■ DIRECTIONS FOR THIS TASK ■
Copy out the data below from the line containing "Used 2012 JEEP" to the line containing "A competent investor", both lines included, with all images left out.

(Beginning of INFORMATION GIVEN)

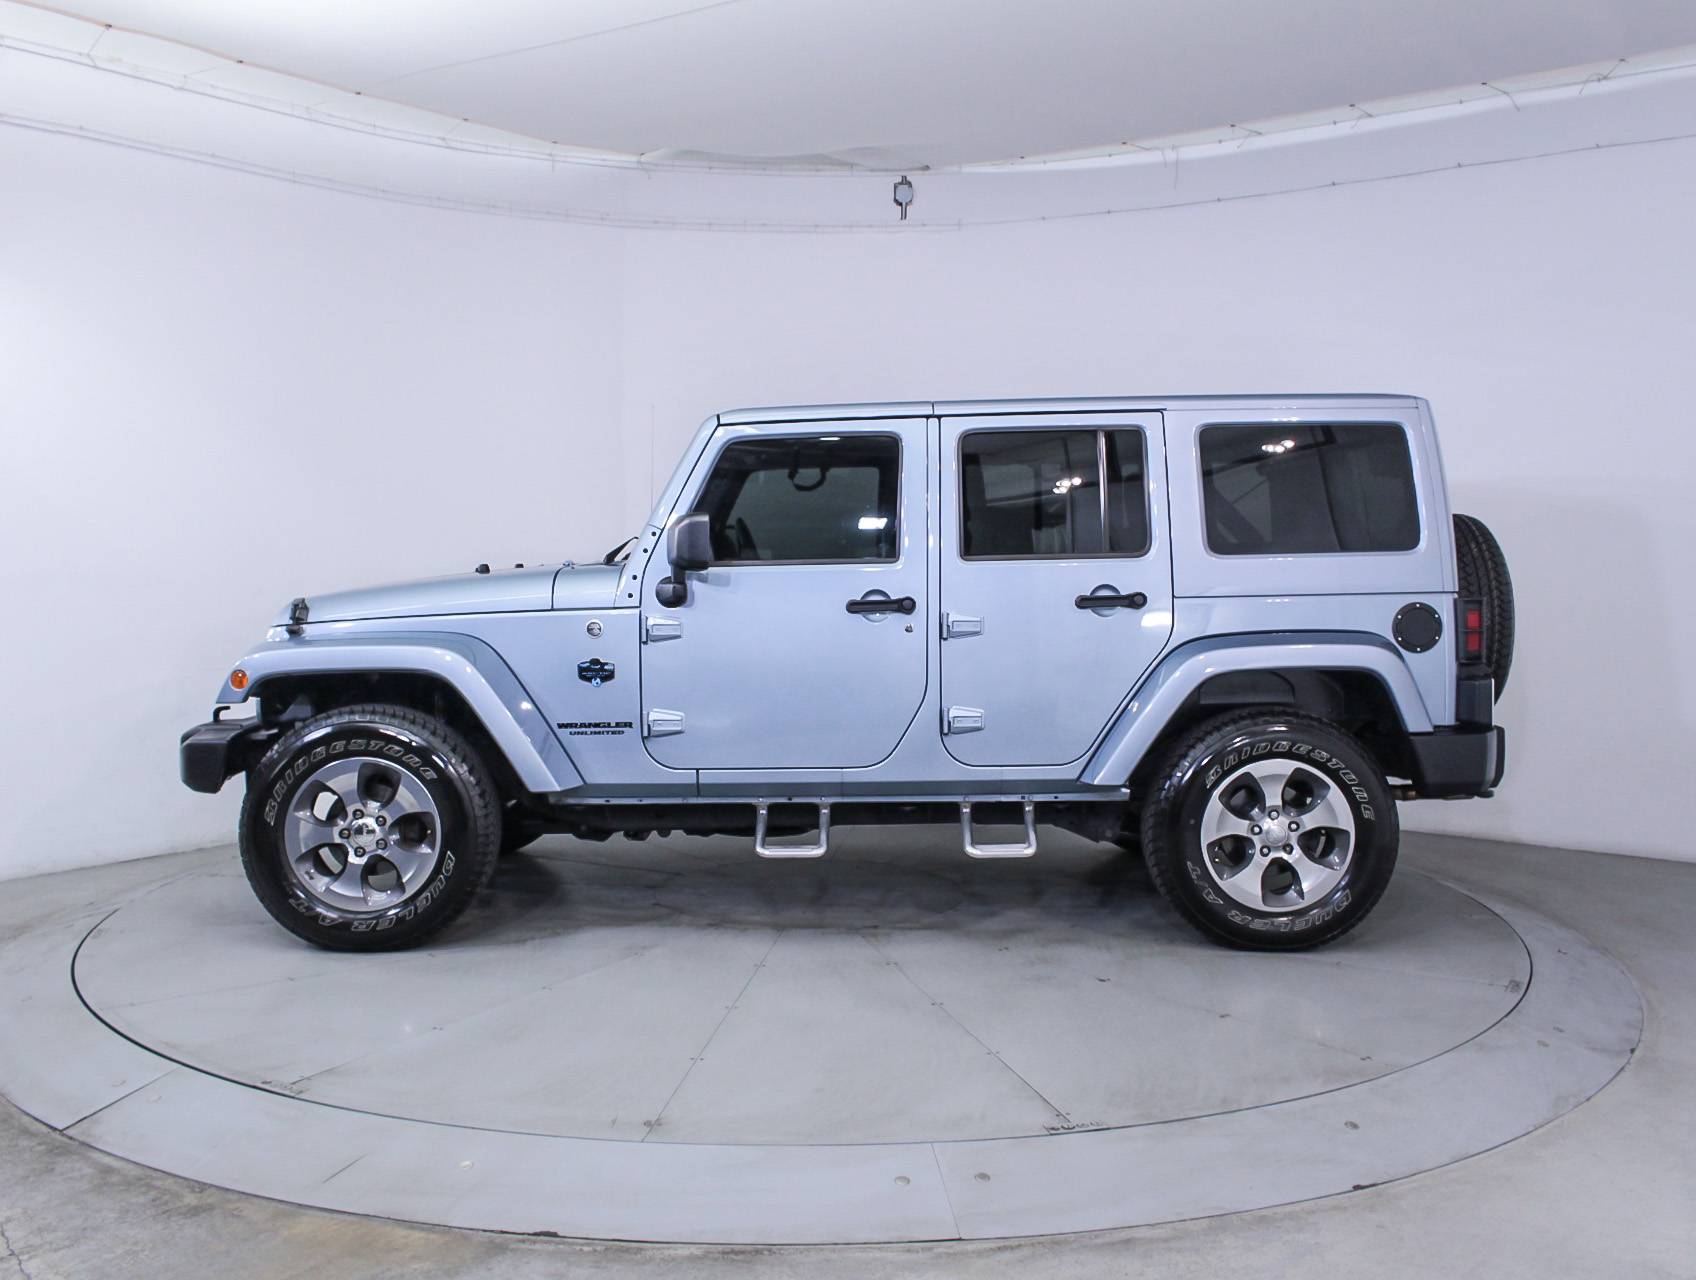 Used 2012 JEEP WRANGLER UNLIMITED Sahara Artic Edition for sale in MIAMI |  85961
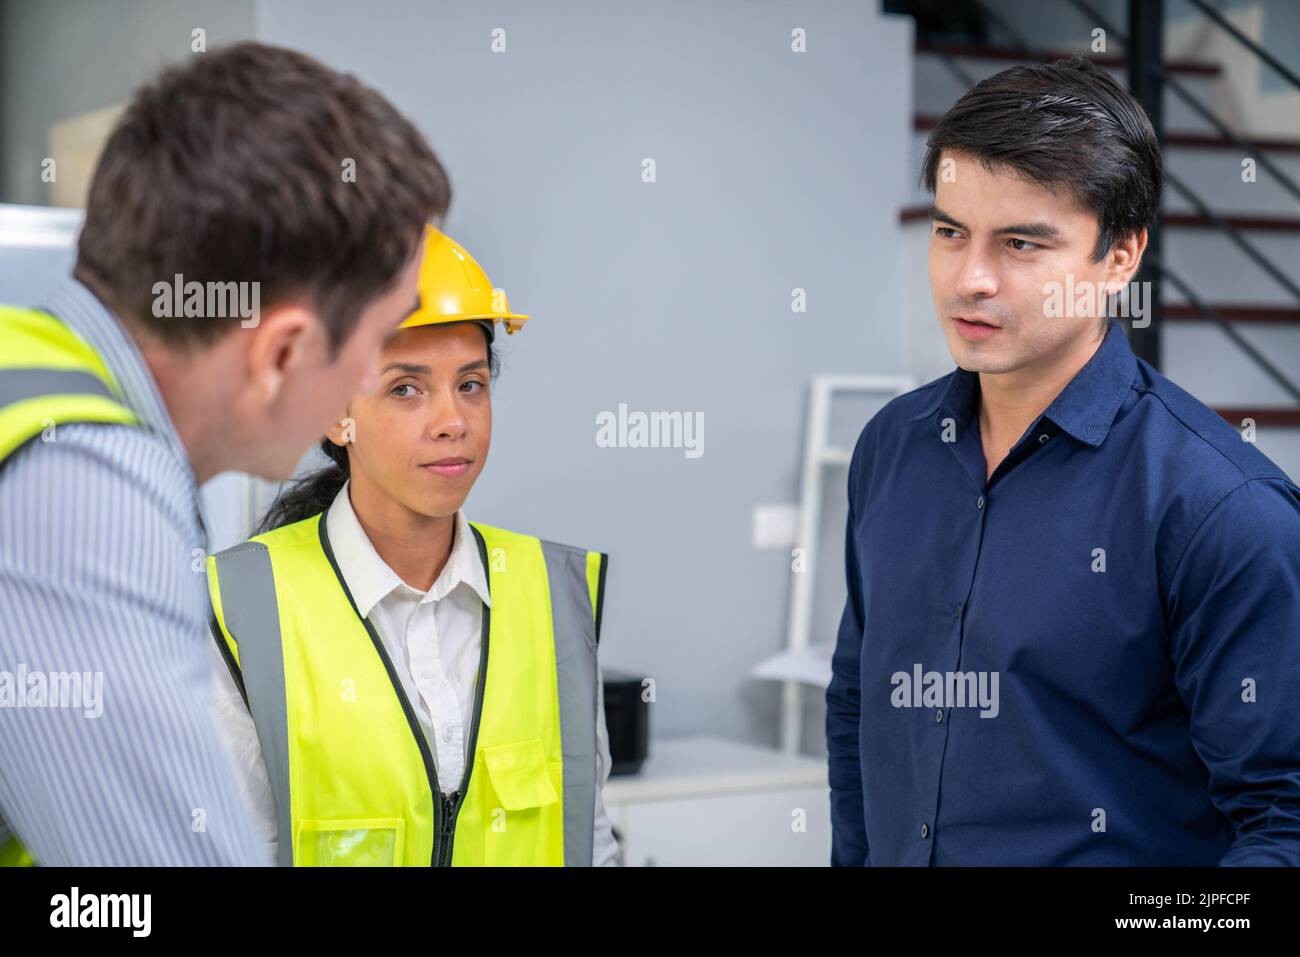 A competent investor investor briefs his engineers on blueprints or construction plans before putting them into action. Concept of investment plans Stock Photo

(End of INFORMATION GIVEN)
(Beginning of INFORMATION GIVEN)

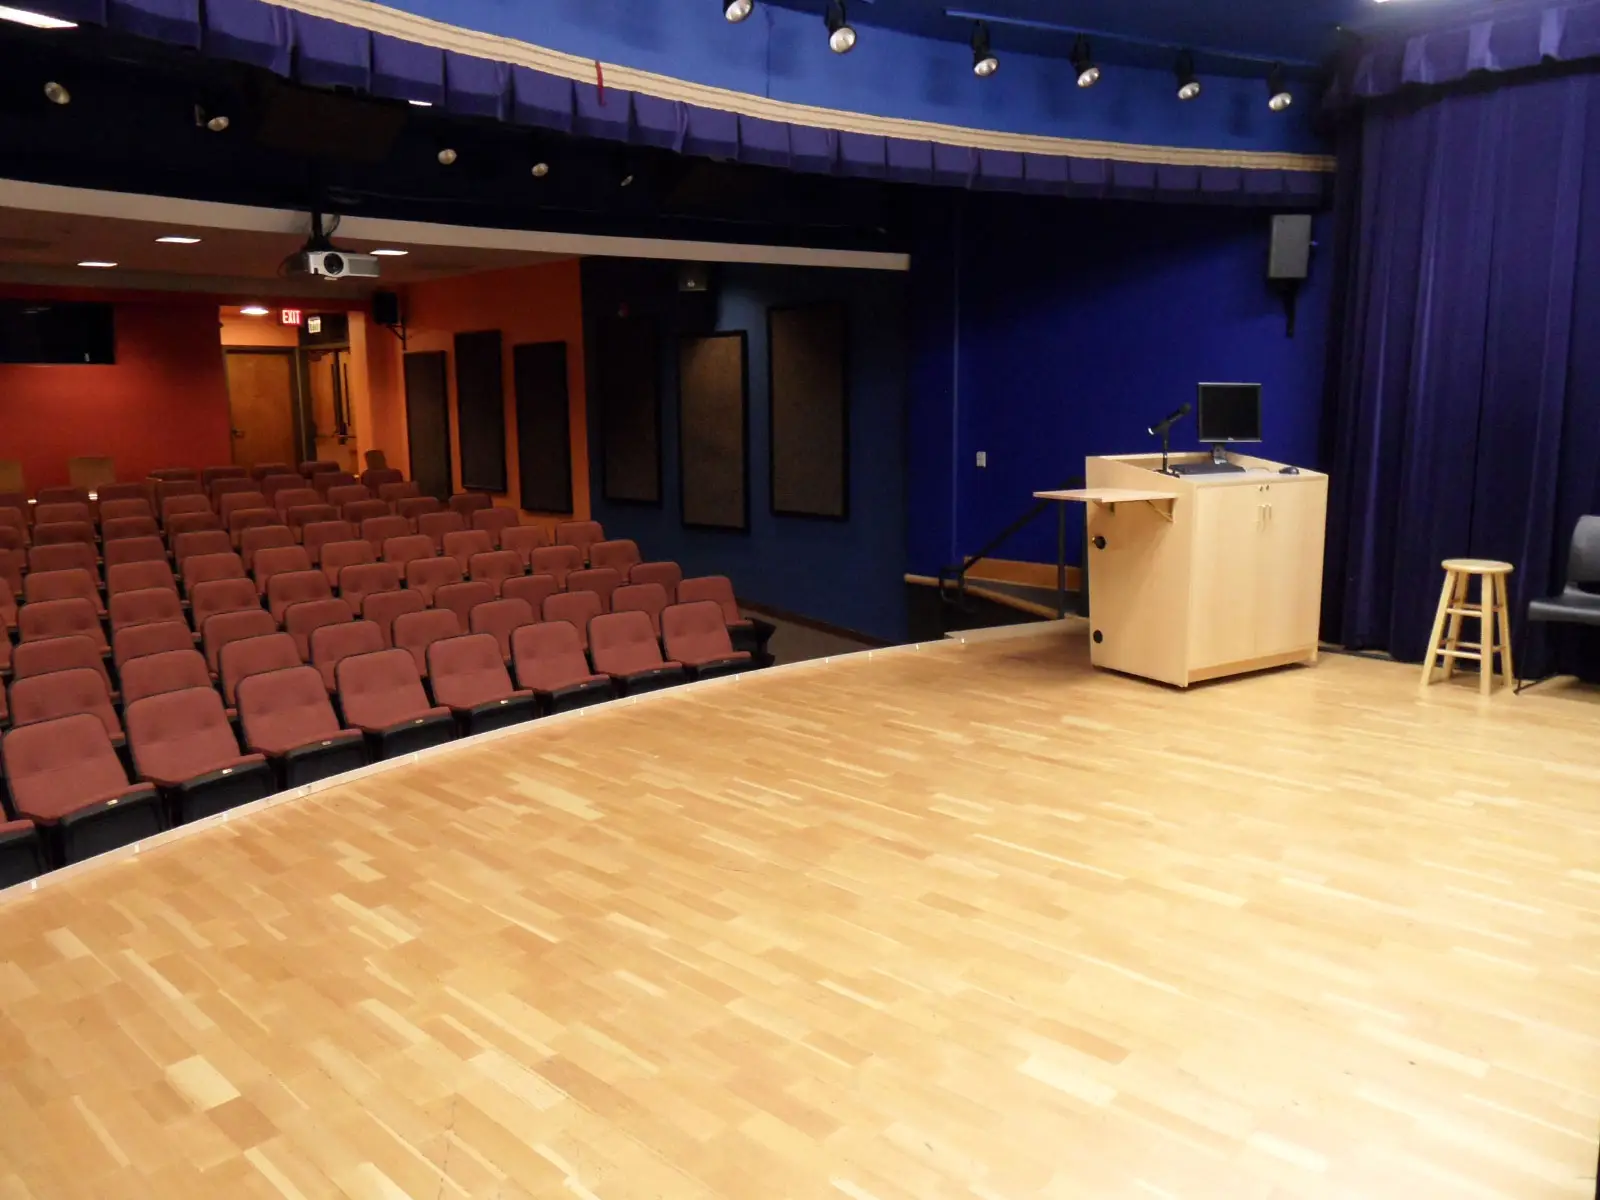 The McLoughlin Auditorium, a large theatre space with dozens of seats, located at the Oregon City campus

(End of INFORMATION GIVEN)
(Beginning of INFORMATION GIVEN)

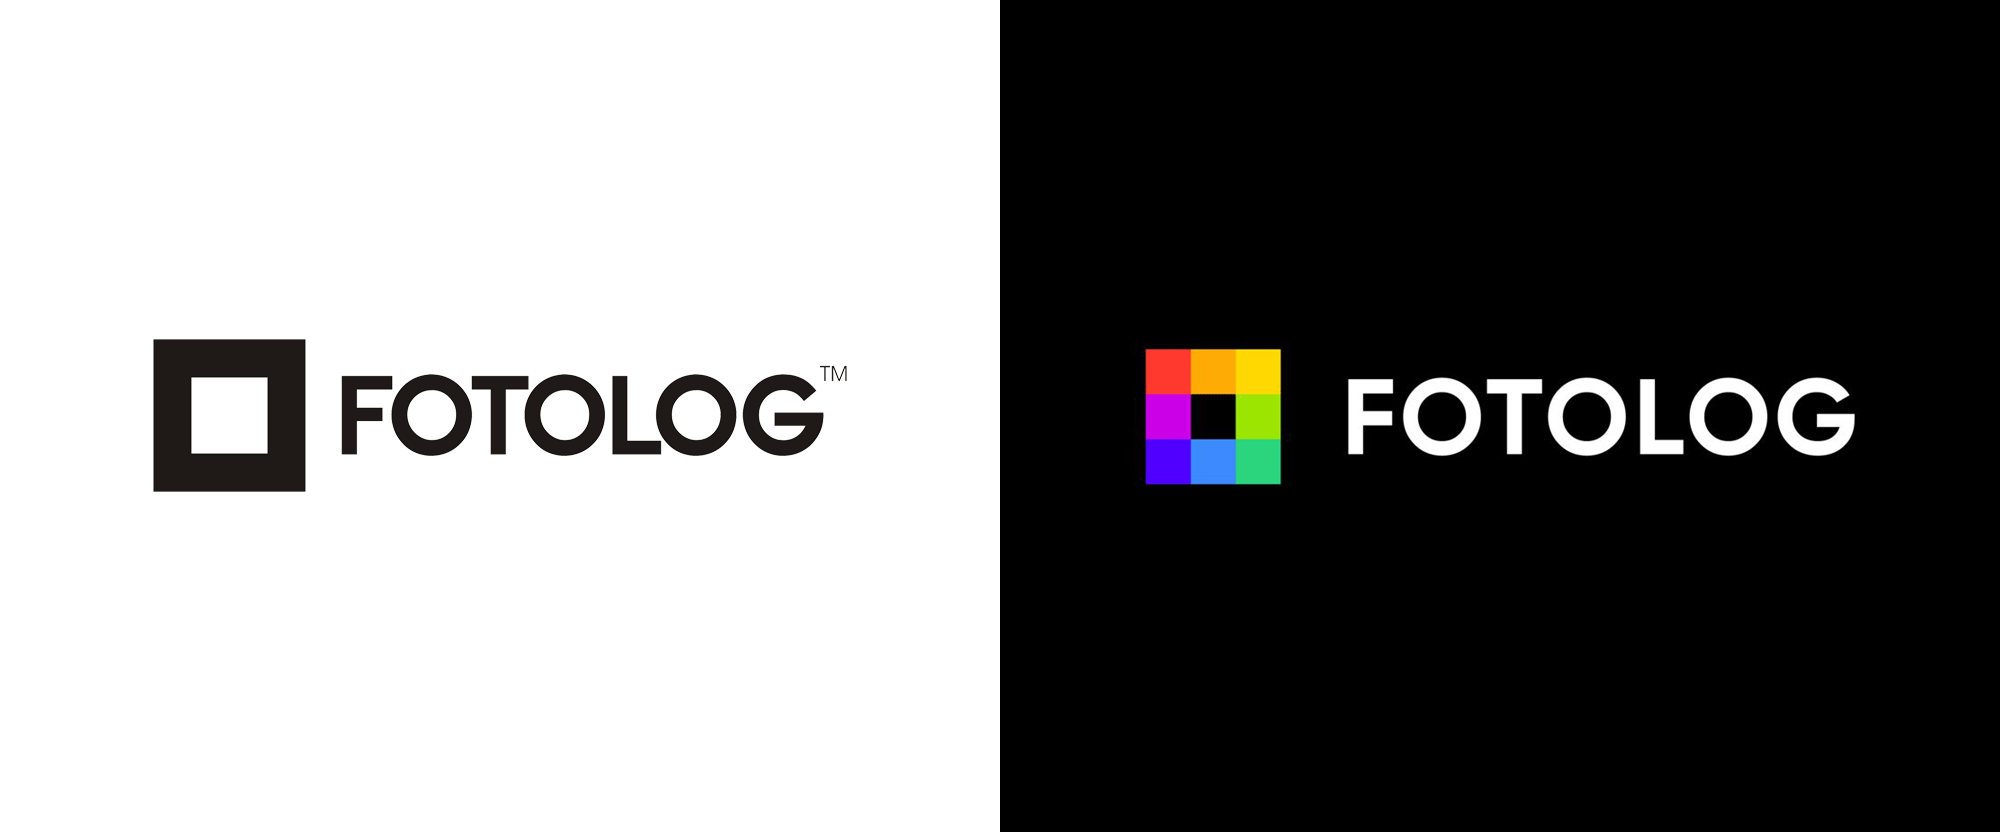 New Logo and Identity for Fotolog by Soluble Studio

(End of INFORMATION GIVEN)

■ RESULT ■
 Used 2012 JEEP WRANGLER UNLIMITED Sahara Artic Edition for sale in MIAMI |  85961
 A competent investor investor briefs his engineers on blueprints or construction plans before putting them into action. Concept of investment plans Stock Photo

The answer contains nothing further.